Reputation: 95880
I want to remove all the whitespace i..e tabs/spaces/newline chars.
T = {xmlelement,"presence",
[{"xml:lang","en"}],
[{xmlcdata,<<"\n">>},
{xmlelement,"priority",[],
[{xmlcdata,<<"5">>}]},
{xmlcdata,<<"\n">>},
{xmlelement,"c",
[{"xmlns",
"http://jabber.org/protocol/caps"},
{"node","http://psi-im.org/caps"},
{"ver","0.12.1"},
{"ext","cs ep-notify html"}],
[]},
{xmlcdata,<<"\n">>}]}.
I tried the following, but it does not work:
trim_whitespace(Input) ->
re:replace(Input, "(\r\n)*", "").
Upvotes: 1
Views: 5863
Reputation: 3344
re:replace is tricky, something to keep in mind:
Eshell V5.9.3.1 (abort with ^G)
1> re:replace("0 1 2 3 4 5 6 7 8 9", " ", "", [global, {return, list}]).
"0123456789"
2> re:replace("0 1 2 3 4 5 6 7 8 9", " ", "", [{return, list}]).
"01 2 3 4 5 6 7 8 9"
3> re:replace("0 1 2 3 4 5 6 7 8 9", " ", "").

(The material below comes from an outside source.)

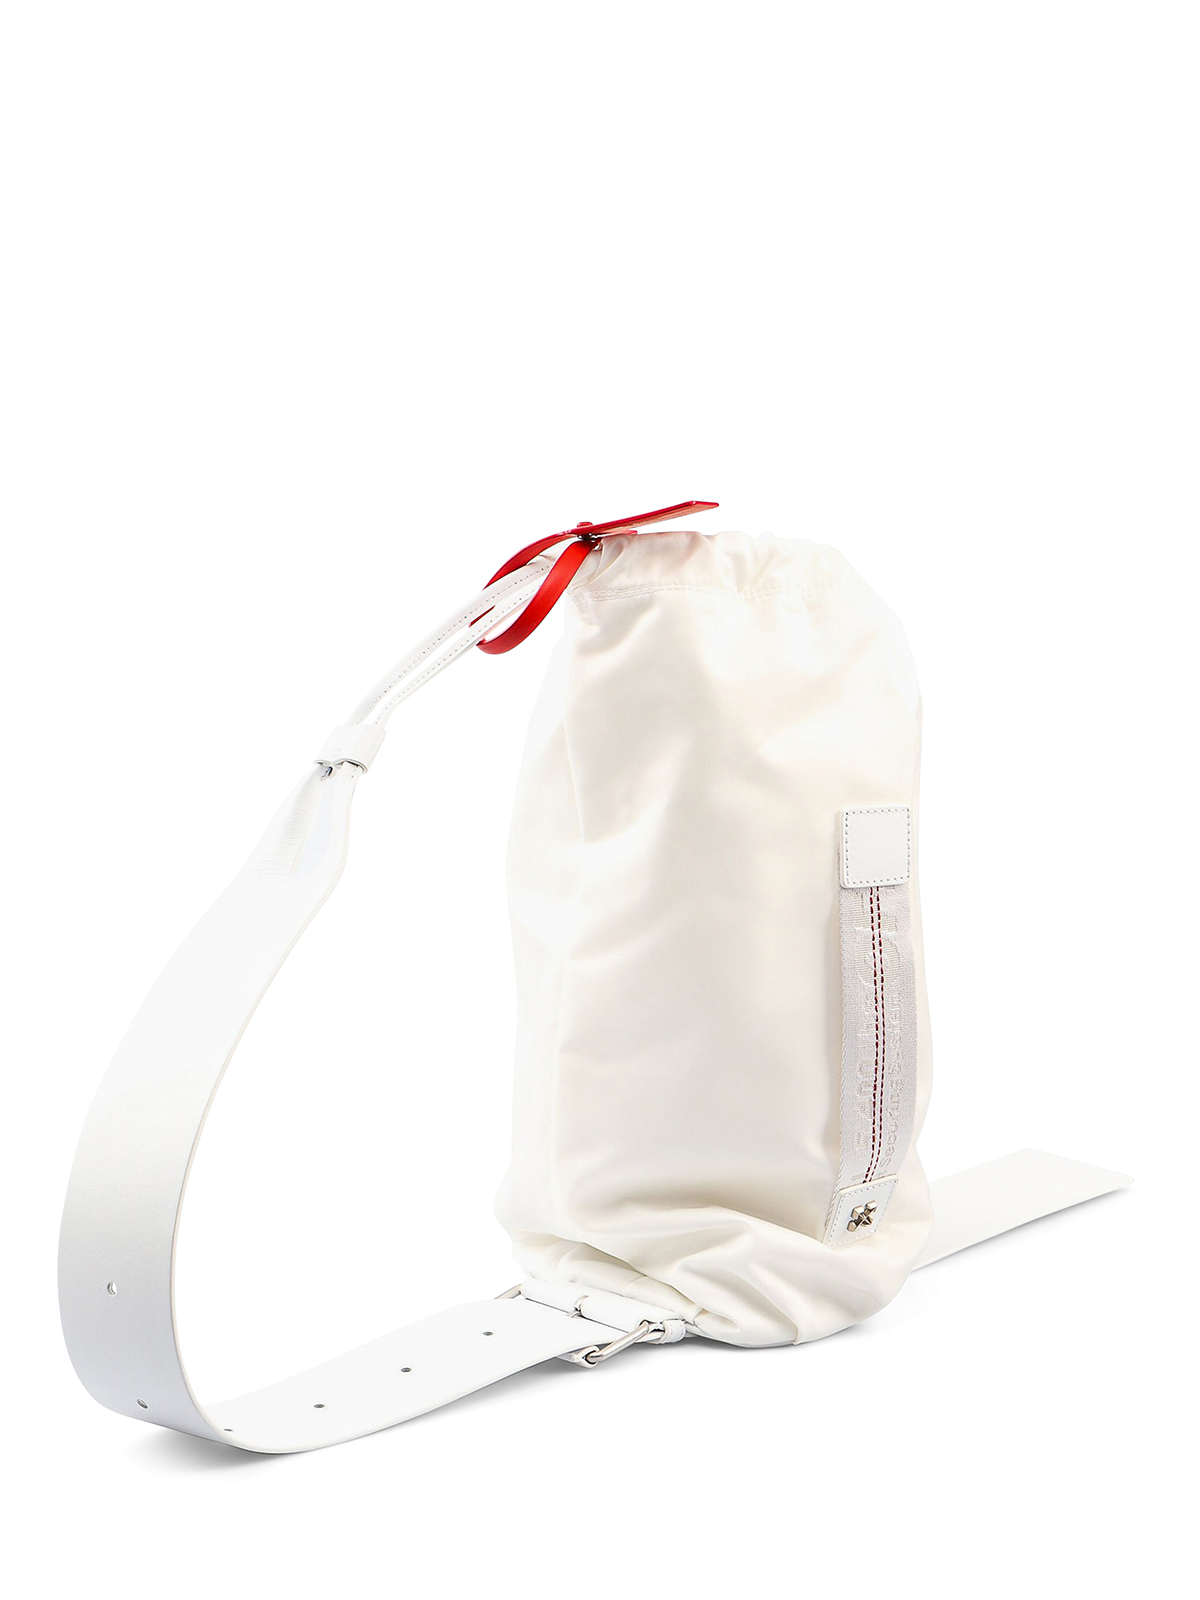 Backpacks Off-White - White nylon one shoulder backpack

[<<"0">>,[]|<<"1 2 3 4 5 6 7 8 9">>]
Upvotes: 0
Reputation: 2496
I faced the same issue… came here to share my more efficient work:
trim(Subject) ->
{match, [[Trimmed]|_]} = re:run(Subject, "^\\s*([^\\s]*(?:.*[^\\s]+)?)\\s*$",
[{capture, all_but_first, binary}, global, dollar_endonly, unicode, dotall]),
Trimmed.
The idea is very much the same. The regex is just better.
Upvotes: 2
Reputation: 7129
All the whitespace in your question is in cdata sections - why not just filter those out of the tuple?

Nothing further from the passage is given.